# Fish pass jetties



## Dtrojcak (Jun 17, 2012)

I see a lot of people on various fishing sites talking about the fish pass jetties near Mustang Island SP. I have a few questions. 
Do you go there because the fishing is good or because it is less crowded?
Looking at it on google, the jetties are very short compared to others, especially Port Aransas. 
Is it better to fish off of one or the other, in between the two, or off the tips?
Is the beach actually part of the SP? Do you need any permits to park/camp other than the beach parking one?
Has anyone had any success here lately?

Thanks in advance for any advice.


----------



## JOHNNYREB (Apr 20, 2006)

Can be very good fishing for both reds and trout. It can also be very crowded. personally i dont fish there till after labor day. Always seem to be plenty of bait, and yes you will need a sticker. Work both sides to find out where fish are holding. NOt sure what you mean by sp? Good luck!


----------



## Dtrojcak (Jun 17, 2012)

SP=state park


----------



## JOHNNYREB (Apr 20, 2006)

LOL...sorry, brain fart! Ive always went to fish pass from the north side, Access road 2.....i think. Never went from the park side. Not sure if you can.


----------



## Dtrojcak (Jun 17, 2012)

I plan to go next Sunday afternoon/evening and stay until noonish Monday, so I hope that will limit any crowd issues.

Is it easy driving coming from the north? I have a F250 4wd diesel crewcab, so I'm a little concerned about my vehicle weight. The charts show high tide at 5:11pm on 7/22, which is probably about the time I'll get there, which means I can't drive on the wet sand. Is there a decent "beach road" above the high tide line?

I guess my question about the park is, are the jetties actually part of it. The maps are a little confusing. Do I need a SP permit to be at the jetties?

I bought a beach permit in Port Aransas a couple of weeks ago. If I understand it correctly, it's good all the way to Corpus.


----------



## JOHNNYREB (Apr 20, 2006)

If you have the beach permit you are good from Pa to south beach sticks. only thing with the state park is you also have to pay the park fees. Used to be 7 bucks for the day not sure if its still the same. As far as driving.....cant help ya havnt been there in awhile. If it were me i would drive to the north jetty and just walk to the other side, i dont fish the park side because of the state park fee.


----------



## Ancuegar (Jul 5, 2012)

Was there today.
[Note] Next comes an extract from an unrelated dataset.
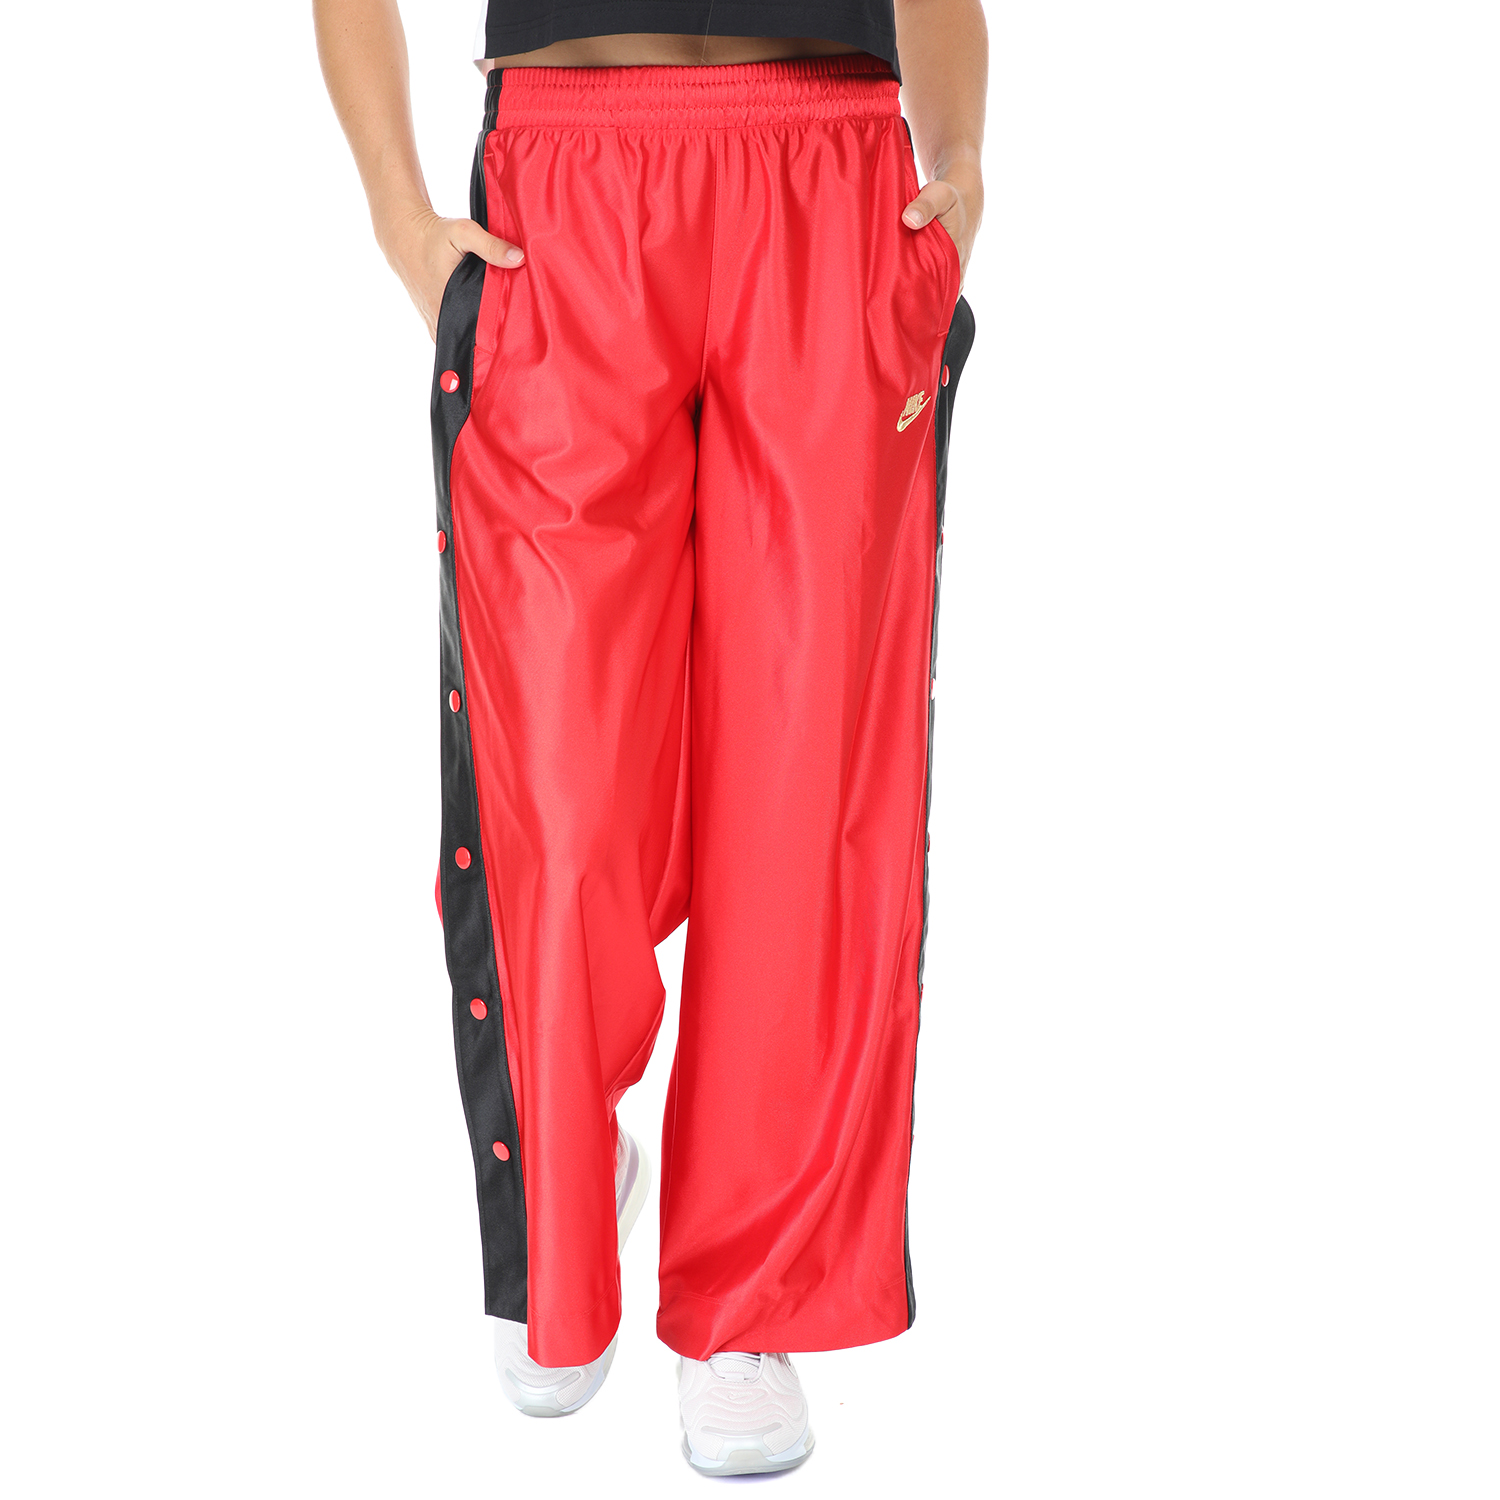 Γυναικεία/Ρούχα/Αθλητικά/Φόρμες NIKE - Γυναικείο παντελόνι φόρμας Nike NSW POPPER PANT GLM DNK κόκκινο

My F250 leadsled had no problems getting down there via acces road 2. There is a decent road getting there. Saw several 2 wd vehicles there. Wasnt much bait there this morning. We moved further south to access road 3 and found a lot more bait in the surf. Whiting bite was non stop. Left about noon when the crowds started showing up. Gonna try again tomorrow prolly from the Packery channel and work north.


----------



## Dtrojcak (Jun 17, 2012)

Ancuegar said:


> Was there today. My F250 leadsled had no problems getting down there via acces road 2. There is a decent road getting there. Saw several 2 wd vehicles there. Wasnt much bait there this morning. We moved further south to access road 3 and found a lot more bait in the surf. Whiting bite was non stop. Left about noon when the crowds started showing up. Gonna try again tomorrow prolly from the Packery channel and work north.


That sounds good. I'll be coming from Rockport/Port Aransas, so access road 2 will be my preferred route.
I'm hoping to avoid the crowds by being there on a Sunday night/Monday morning. Last time, I got to Port Aransas around 6pm or so on Sunday. Most of the people were already packing up to leave. Monday morning I saw 4 or 5 people who had camped overnight and a few runners. I had the beach pretty much to myself. I just wished the wind wasn't blowing 30mph that morning. Surf was way too rough to wade in. I'm hoping it's better conditions next Sunday/Monday.


----------



## Dtrojcak (Jun 17, 2012)

JOHNNYREB said:


> If you have the beach permit you are good from Pa to south beach sticks. only thing with the state park is you also have to pay the park fees. Used to be 7 bucks for the day not sure if its still the same. As far as driving.....cant help ya havnt been there in awhile. If it were me i would drive to the north jetty and just walk to the other side, i dont fish the park side because of the state park fee.


Where/what are the south beach sticks, packery channel jetties?

I looked up the park fees, they're $10 a day now. I think I'll drive in from access road 2.

Is it relatively easy to walk on the fish pass jetties? They don't look quite as solid as the Port A jetty on Google Earth. Looks like large spaces between rocks. I'll have my 13yo son with me.


----------



## SolarScreenGuy (Aug 15, 2005)

I was fortunate to have fished there when the pass was still open to the gulf back in '76, '77. When the surf was calm it was awesome. I always waded, never got on the rocks. Back then, I caught trout even in the ditch alongside the beach road!


----------



## Ancuegar (Jul 5, 2012)

The Packery jetties are further south on Packery channel. I think it's zahn (sp) rd to access them. They were packed with people yesterday. 
I don't know where the beach sticks are.


----------



## justletmein (Feb 11, 2006)

Easy drive, easy walk, way too easy that's why its so crowded. Weekends are loaded with swimmers and such.


----------



## fultonswimmer (Jul 3, 2008)

Try fishing the surf about a quarter mile N of the Fish Pass jetties as you motor down road 2. Sometimes the pompano guys slay them in that area. North Sticks are about 6 miles down the beach from Bob Hall Pier, past the bollards that divide Corpus Beach sticker area from Kennedy Beach area(no sticker required). When you pass the midway bollards going South from Bob Hall Pier you are in area patrolled by park rangers from PINS and I have never been asked for sticker there. Continuing South on the beach you will come to the North Sticks which block off the N end of Malquite Pedestrian Beach. Pavement there takes you back out to Park Road, thru the gate at PINS and at the end of the pavement you will be on the beach at the South Sticks on PINS. Confused? So am I!






h


----------



## Dtrojcak (Jun 17, 2012)

I've heard others talk about fishing at or near access road 2. Depending on how many people are there, I may try there. We're going to try camping on the beach this time, so it depends on the crowd. Last time, we stayed in a hotel, but the beach was almost empty by about 8pm on Sunday evening, Monday morning was deserted except for a few tents, so people shouldn't be a problem.


----------